I don't think he's been denied anything he has asked for, unless he's asked for a medal for killing his fellow soldiers.

All is going just the way Hasan wants it to go. Or did you mean to say that the victims and their families were denied a speedy trial?

I don't see how that can be done within the confines of Due Process. He's not going to be taken out back to be shot or anything like that, no matter how angry anyone is about the time taken. High-profiles cases usually take a long time.

JMHO.

Pterodactyl

(1,687 posts)
7. I think the victims and defendants both deserve speedy trials.
Wed Aug 7, 2013, 10:10 PM
Aug 2013

The surviving Tsarnaev brother is going to be the same thing. They're going to spend forever figuring out how many lawyers can dance on the head of a pin and it'll go on and on and on.

freshwest

(53,661 posts)
8. IAT. That would be nice. But he's not being denied anything, IHMO. It's been Cadillac all the way.
Wed Aug 7, 2013, 10:29 PM
Aug 2013

I wasn't that fond of Cadillacs. Just sayin'

freshwest

(53,661 posts)
6. Thanks for the update and the link. It answers the question I had about this man:
Wed Aug 7, 2013, 12:35 PM
Aug 2013
The prosecution was led by Col. Michael Mulligan, one of the Army’s most aggressive and skillful lawyers. In 2005, he successfully prosecuted Hasan Akbar, an Army sergeant who was convicted and sentenced to death in a grenade attack on his own camp in Kuwait in 2003, though that case remains on appeal.

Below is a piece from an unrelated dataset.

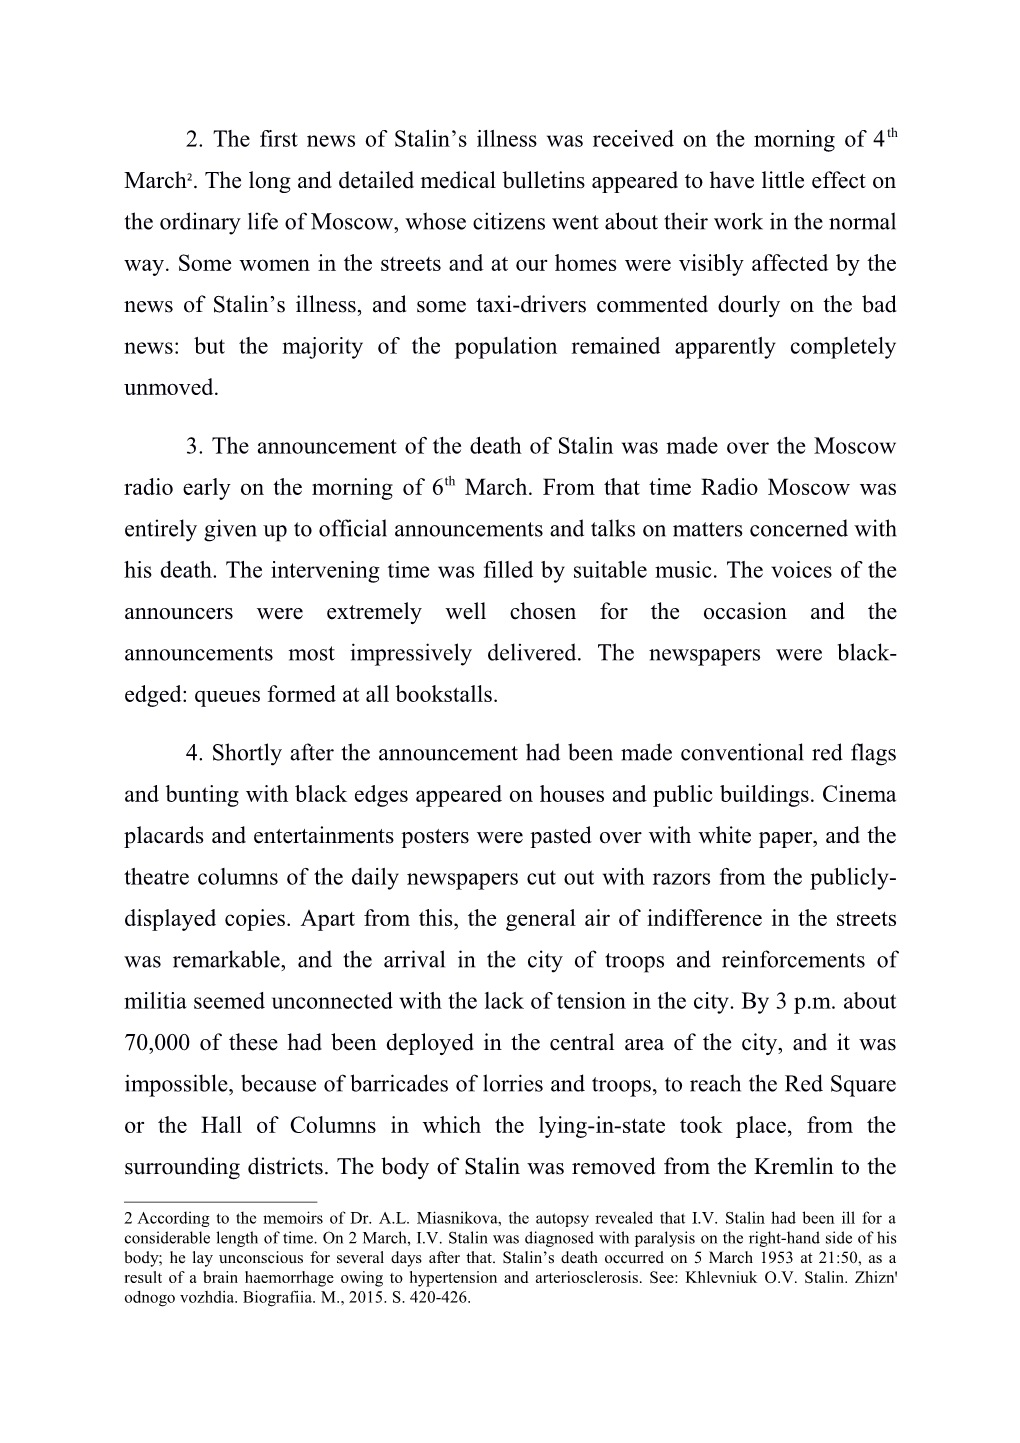 1953-03-16 Gascoigne Report Stalin's Death

The article also answered another question I had. The last time the military executed anyone was in 1961, for the rape and attempted murder of an eleven year old girl, which was treated as a capital offense.

And Akbar has not been executed after a decade. I doubt that Hasan will be executed, either. I suspect we will be paying for his caregivers to take care of him the rest of his natural life, which will likely be a very long one.